Сегодня мы уверенно можем сказать, что работа и миссия отца Пушкина заключались в том, чтобы произвести на свет национального гения. Но мог ли сам Сергей Львович при жизни в это поверить? Он так же, как и все мы, хотел, чтобы его уважали, чтобы с ним считались, им интересовались. Сергей Львович боялся остаться без гостей, без аудитории. Оказаться лишним. Выпасть из контекста эпохи. А именно так и получилось. В 66 лет с интервалом в 10 месяцев Сергей Львович теряет сначала жену, потом гениального сына и чувствует, что проваливается в безысходный вакуум: дочь Ольга в Варшаве, сын Лев на Кавказе. Наверное, вспомнит тогда, что сына Александра не сильно баловал при жизни вниманием и три года после Михайловской ссылки не разговаривал с ним, играя в обиду… Сергею Львовичу так захочется теплоты, что он будет свататься – и ладно бы к Анне Петровне Керн (с кем не бывало), – так ведь к ее дочери! И разница в 48 лет при своих «под восемьдесят» его нисколько не смутит…
Но вернемся назад. На наших часах еще только начало XIX века.
Детство гения
Как правило, человек несколько раз за жизнь серьезно меняет и свой облик, и свой стиль бытия. Пушкин до восьми лет был неуклюжим и достаточно полным, по утверждению старшей сестры Ольги. Он никуда не спешил, был чистым даосом: одной из самых ярких картин этого довольно темного (мы на удивление мало что знаем наверняка!) периода является его сидение на дороге – думается, все-таки на краю дороги (фур и электросамокатов, допустим, не было, но кареты проезжали). Пушкин сидел на обочине и просто наблюдал за тем, как текла жизнь. Был до пятницы совершенно свободен… Вечером его находили и отводили домой. Удивительная симметрия с Батюшковым в период его безумия: когда Константина везли в немецкую клинику Зонненштейн (1824 год; группу сопровождавших лиц возглавлял Жуковский), в районе Дерпта он сбежал. Батюшкова долго искали и нашли за 12 километров от города именно сидящим на краю дороги и меланхолично наблюдающим за потоком бытия.

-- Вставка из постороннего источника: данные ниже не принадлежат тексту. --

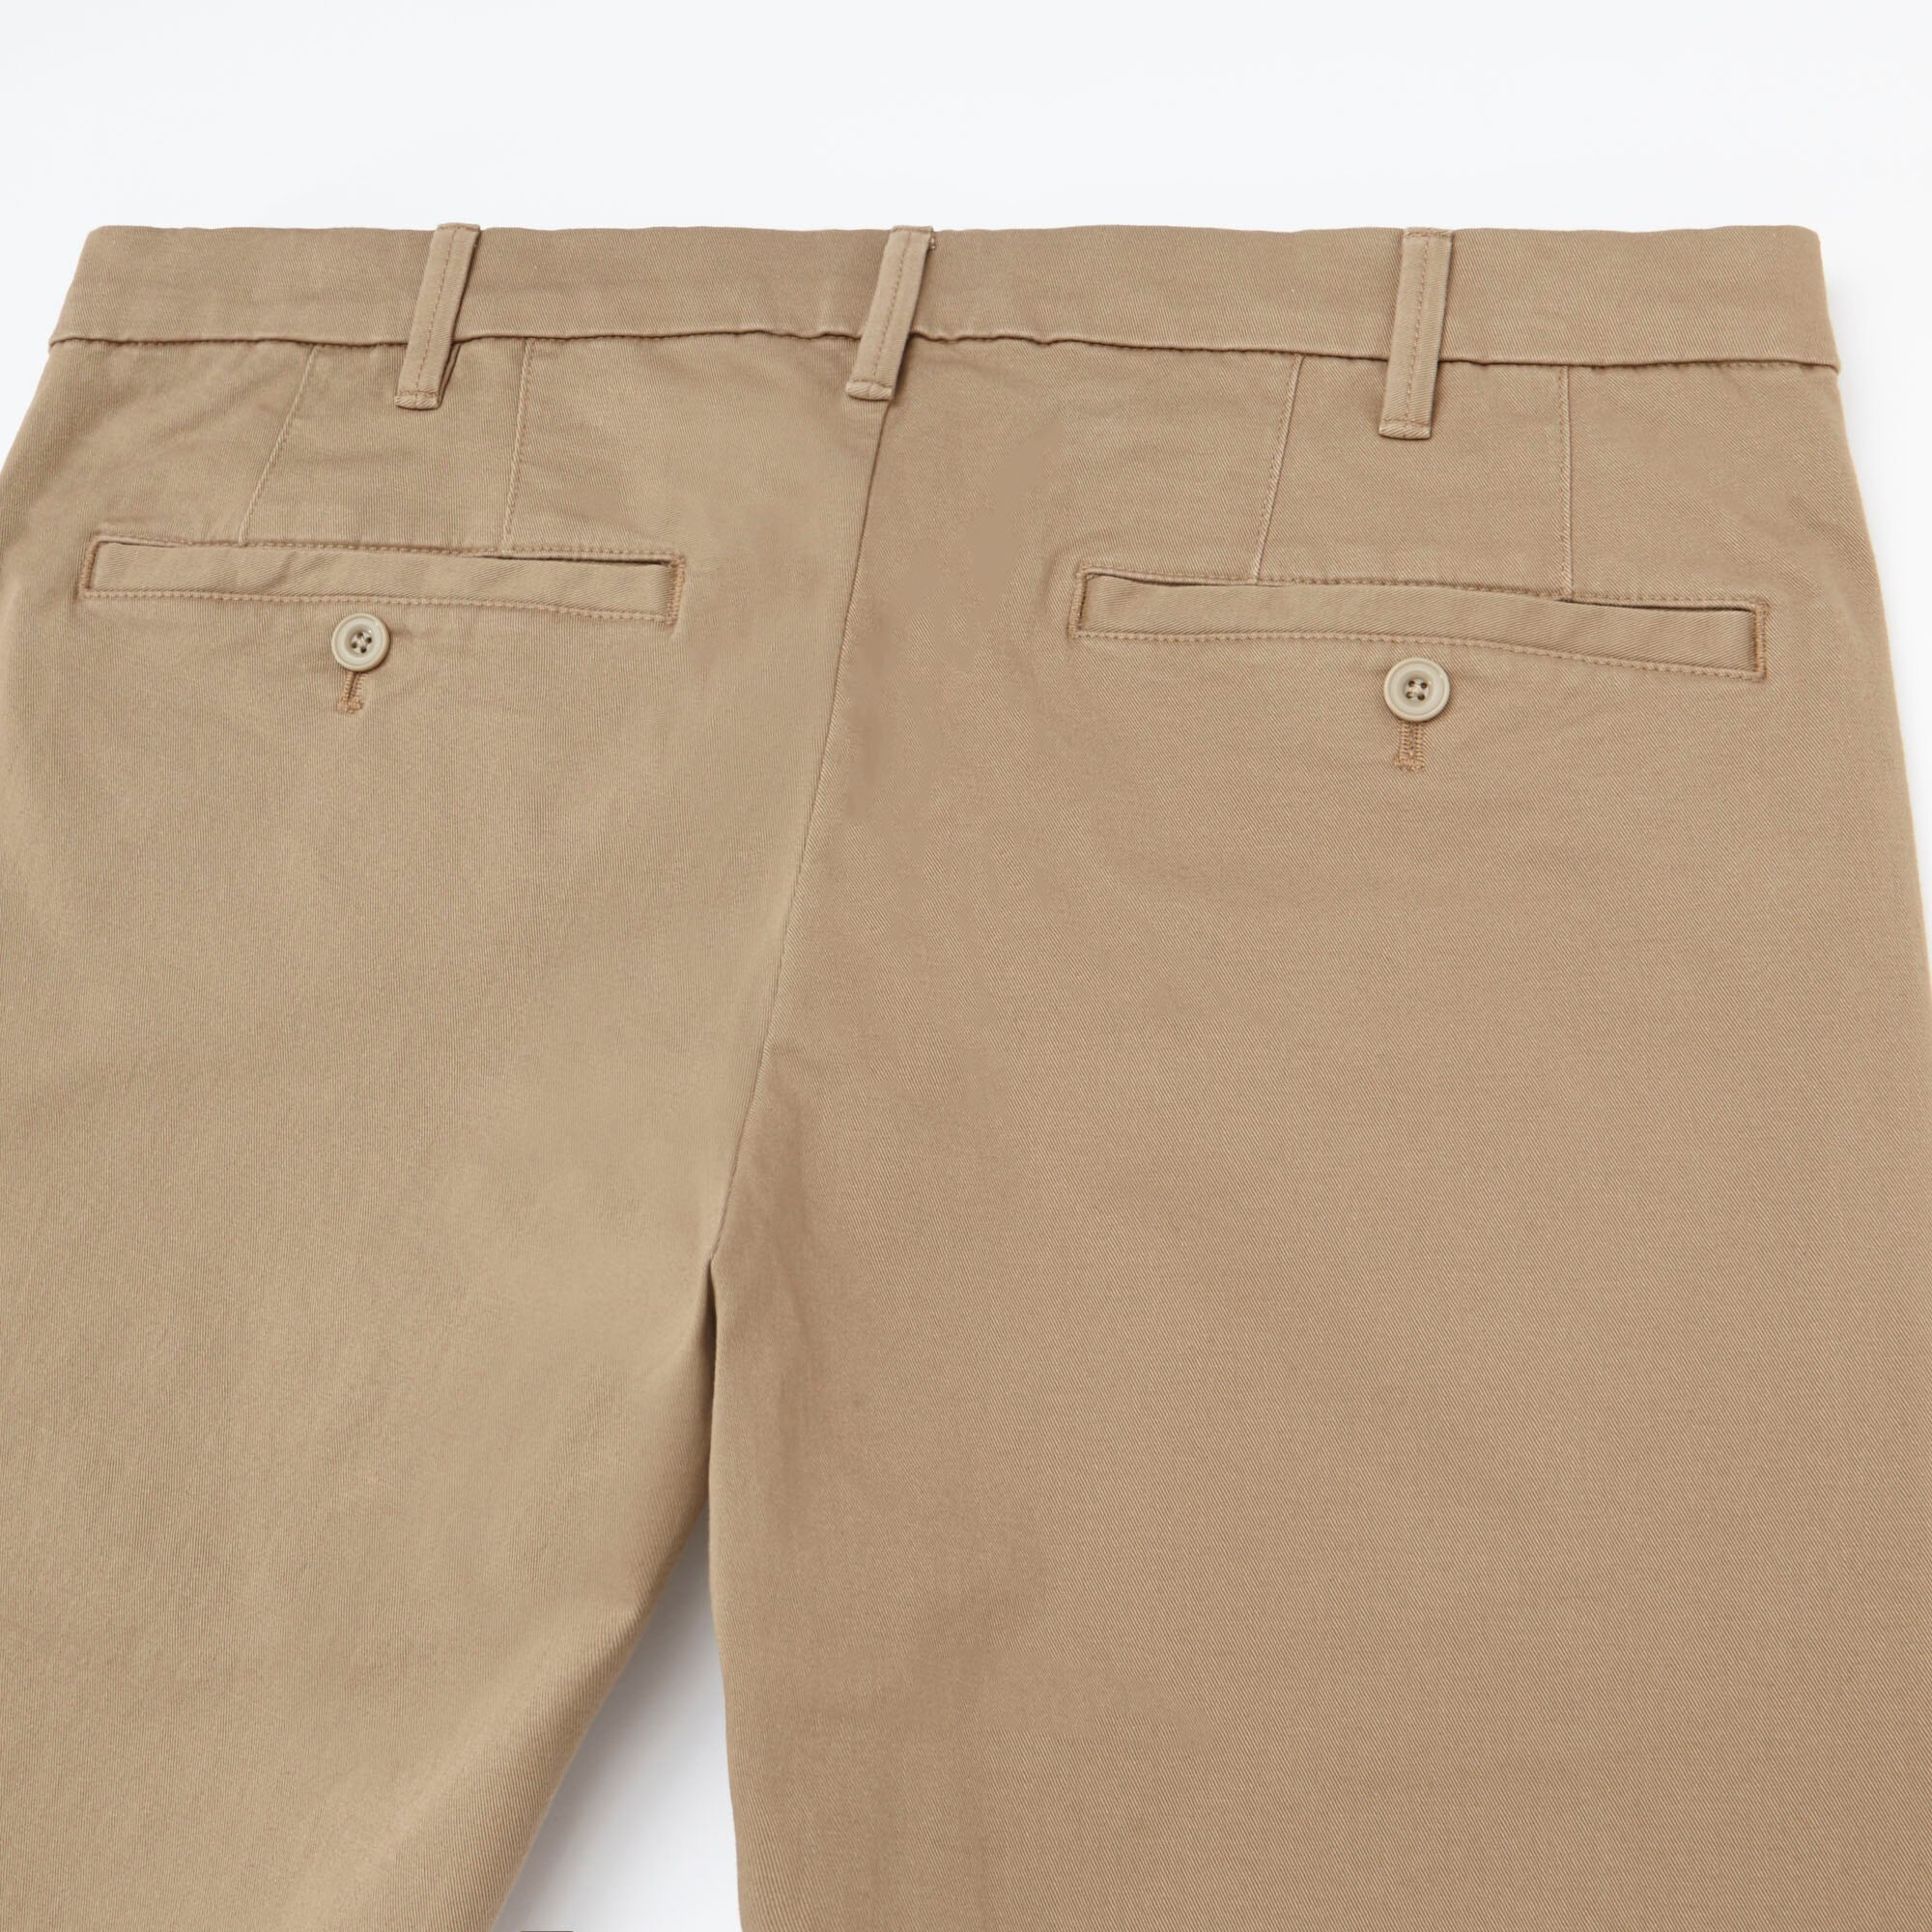 MEN ULTRA STRETCH SKINNY FIT CHINO FLAT FRONT PANTS | UNIQLO US

Пушкин-ребенок. Ксавье де Местр. 1802 год
Вернемся к Пушкину: примерно в восемь лет в нем что-то щелкнуло, и он «запустился»: стал бешеным и неугомонным – таким, каким мы его знаем. Но в доме родителей он тут же превратился в инородное тело.

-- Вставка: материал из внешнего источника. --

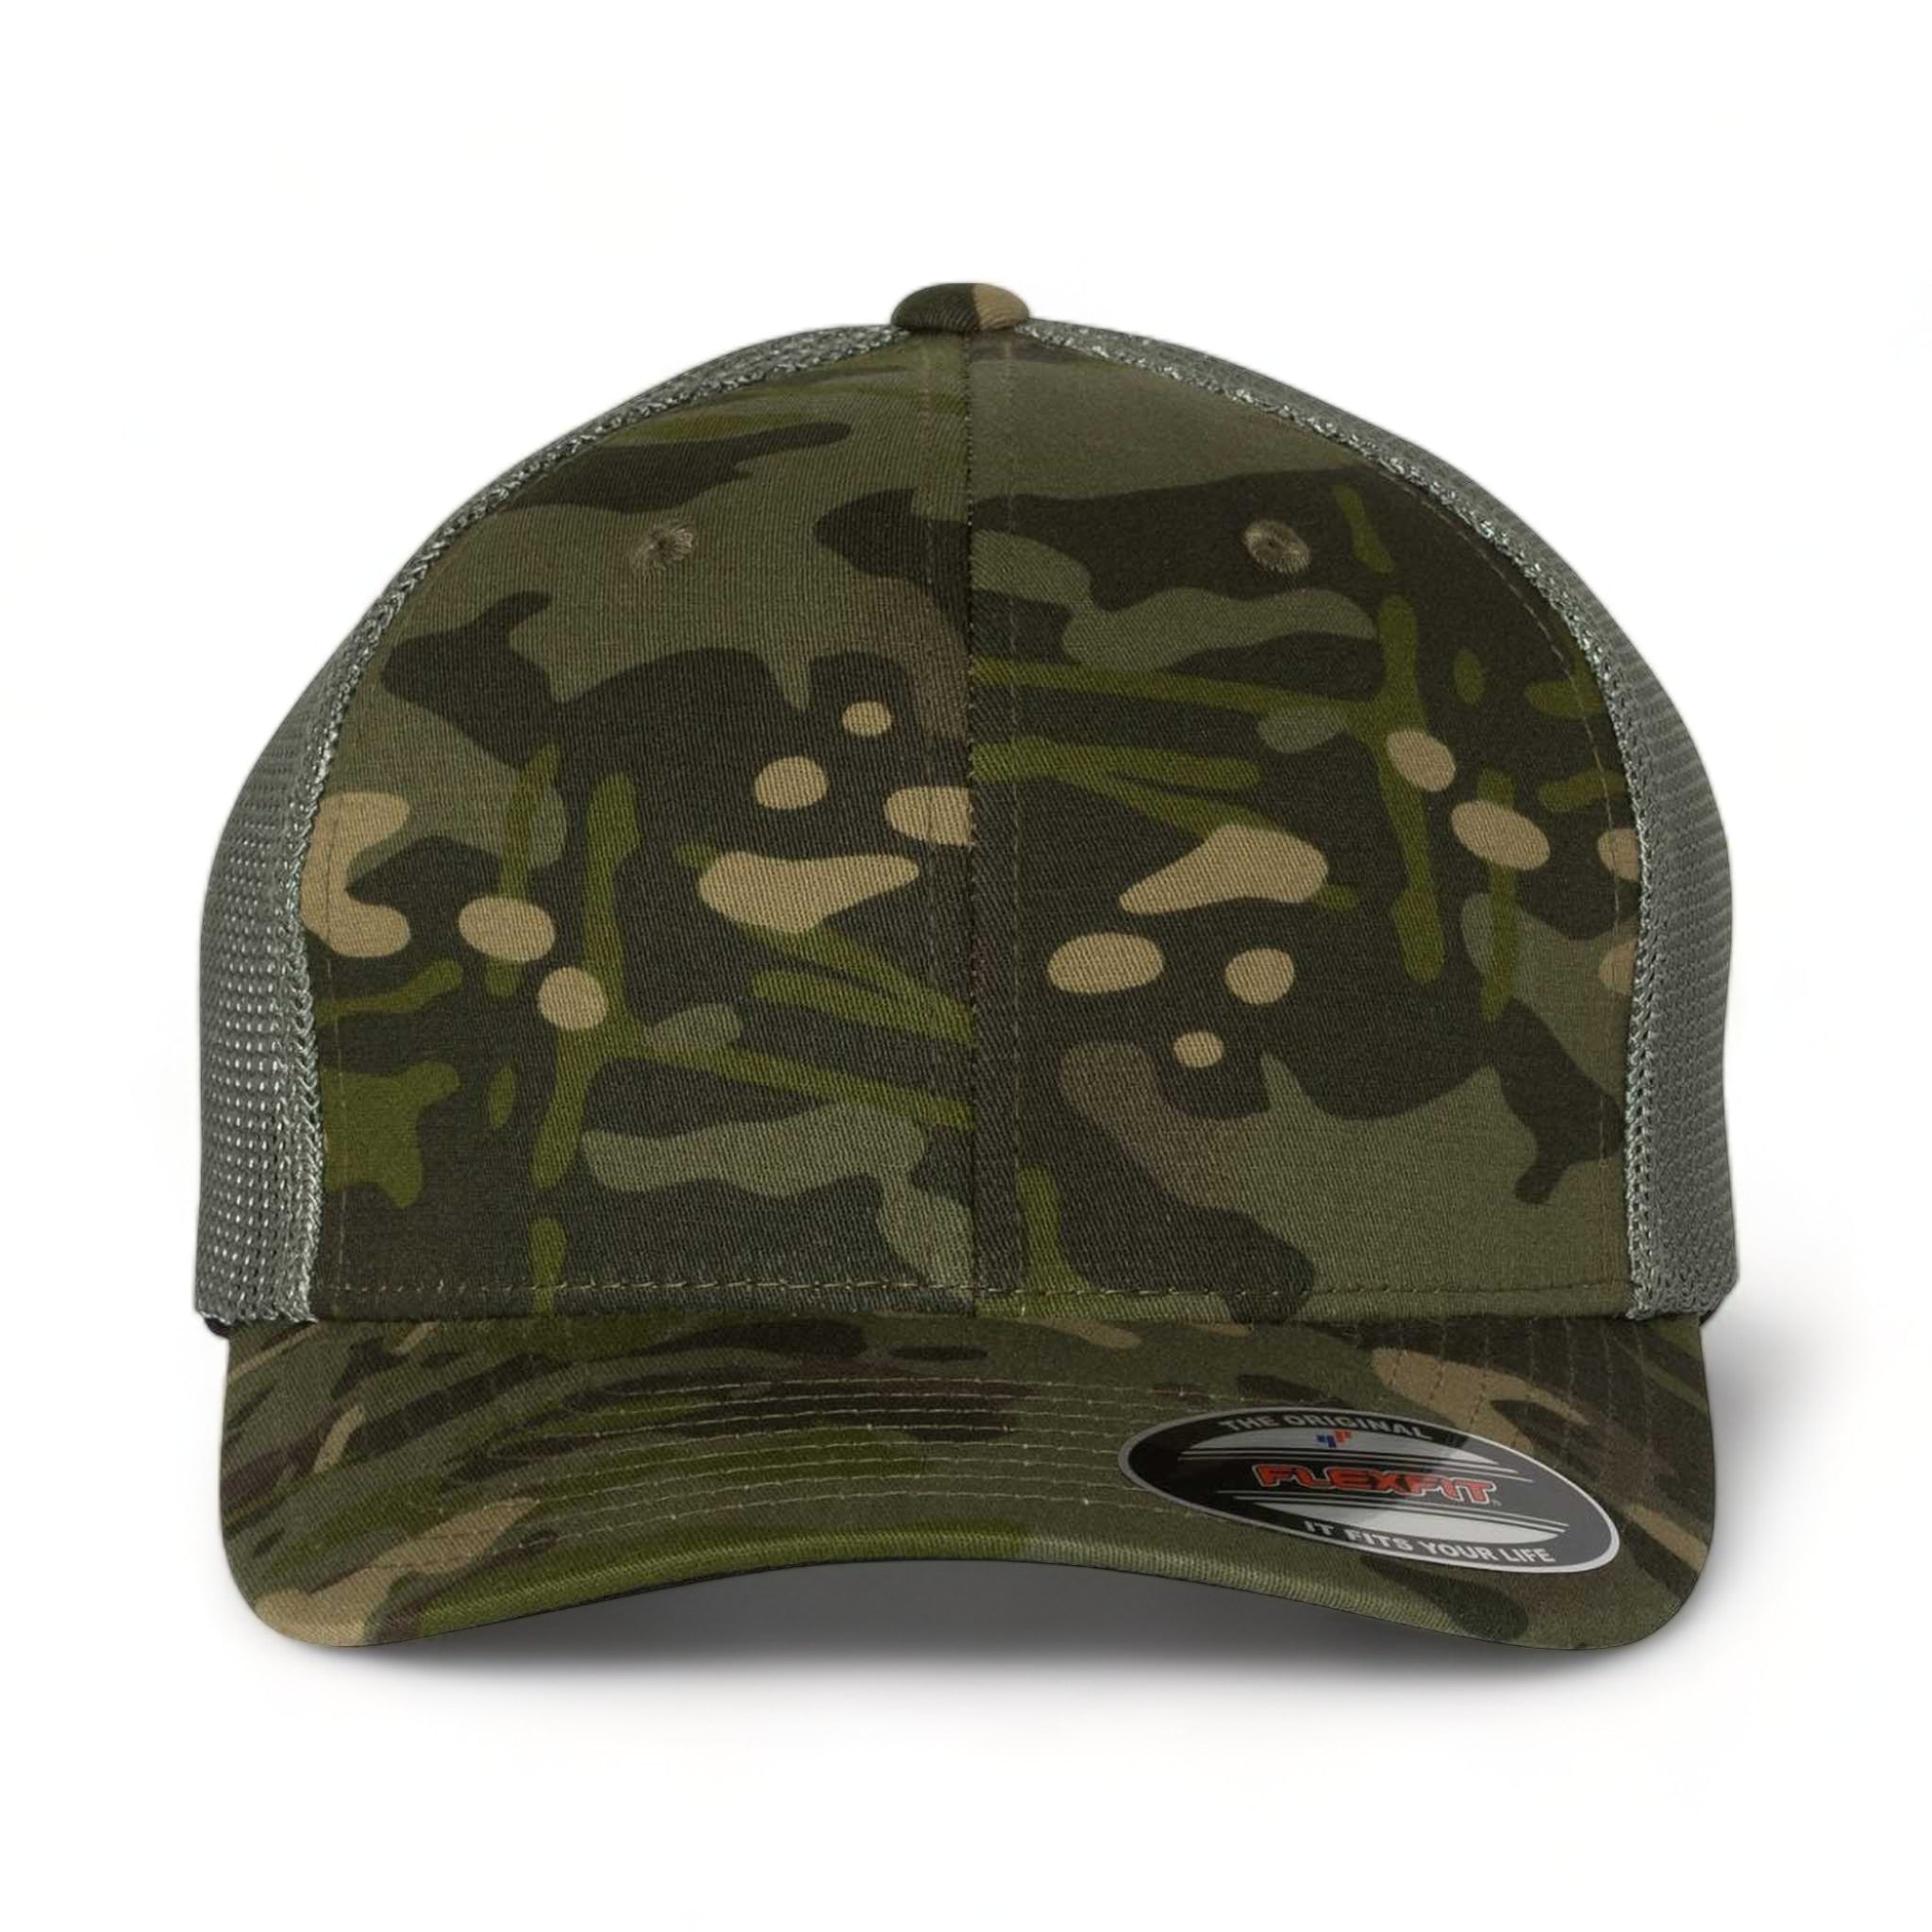 Front view of Flexfit 6511 custom hat in multicam tropic and green

Родители хотели душечку-милашку – веселого, пушистого и понятного ребенка, и они получили, что хотели, в лице сына Льва. Лев Пушкин был рожден для родительской любви. Надежда Осиповна, конечно же, опекала, как любая мать, и свою дочку, Ольгу. А вот для чего был рожден Александр, Сергей Львович и Надежда Осиповна толком не понимали. Он не был ни веселым, ни пушистым и не подходил для приятного отдыха и умиления родителей. Александр был загадочным, непонятным, непредсказуемым, порою неприятным и ускользающим.
Что-то не то вышло со старшим сыном.
И еще Саша был чрезмерно любознательным. Став Энерджайзером, он мешал, путался под ногами, привносил в размеренную жизнь родителей раздражавшую их суету.

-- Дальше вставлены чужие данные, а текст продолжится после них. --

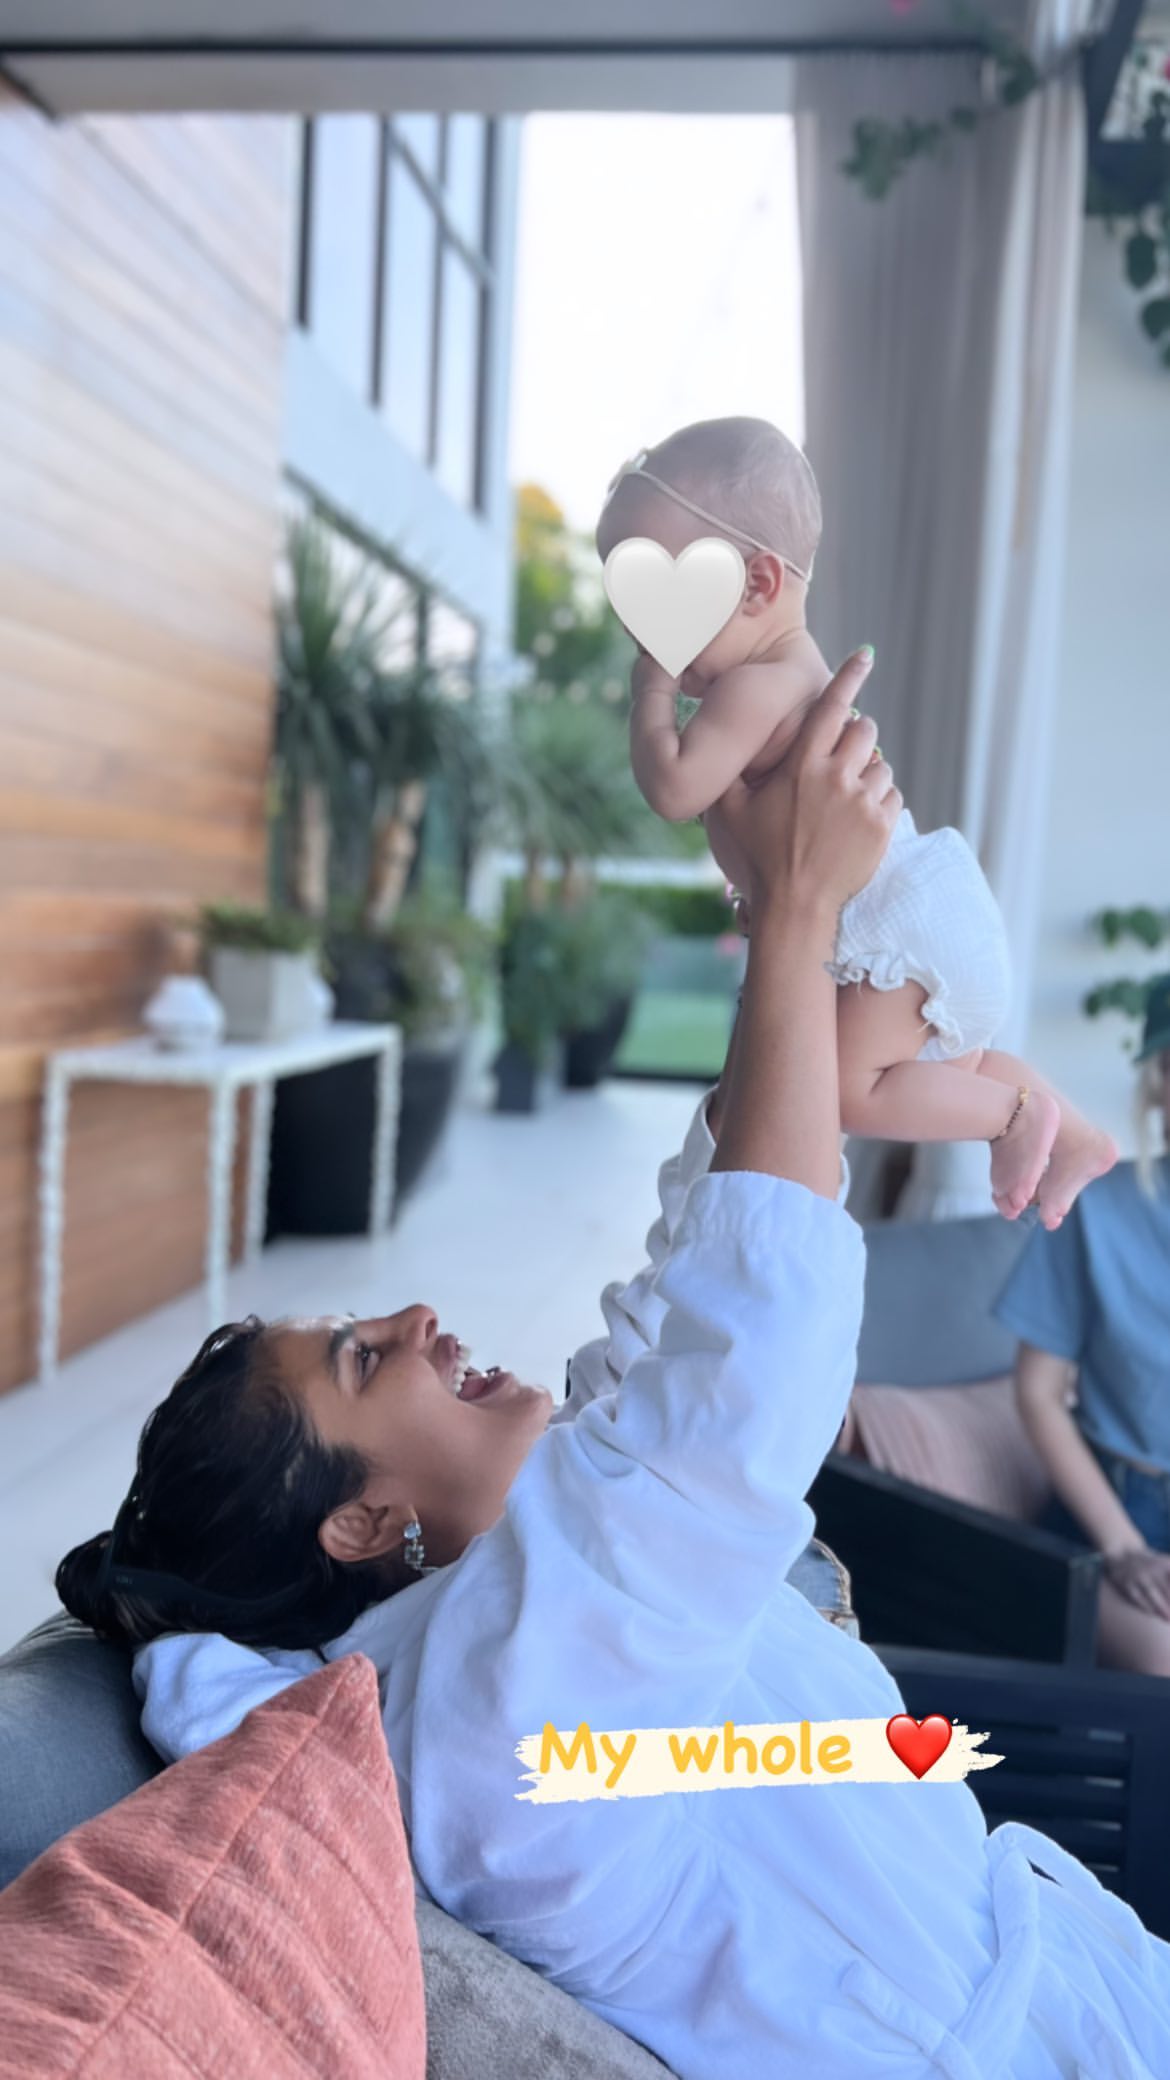 Priyanka Chopra Goes Ecstatic As She Holds Her 'Whole Heart' Malti Marie In Her Arms In New PIC

Поэтому их решение – пристроить старшего сына в пансион – напрашивалось само собой. Причем не в Московский благородный (этот пансион был слишком близко, пришлось бы тогда забирать родного Энерджайзера на выходные), а в какой-нибудь из петербургских.
Пансион Шарля Доминика Николя (или аббата Николя) к тому времени сдулся, а вот пансион иезуитов, открывшийся в 1803 году на углу нынешнего канала Грибоедова и Итальянской улицы, напротив – процветал[3]. Серьезный минус: тысяча рублей в год (на наши деньги – более ста тысяч рублей в месяц). Но богемные дворяне относились к деньгам примерно как гусары – главное ввязаться в дело, а деньги уж как-нибудь сами появятся. Хотя, вспоминая о необходимости изыскивать эту самую тысячу, Сергей Львович замечал, что настроение его тут же начинало портиться.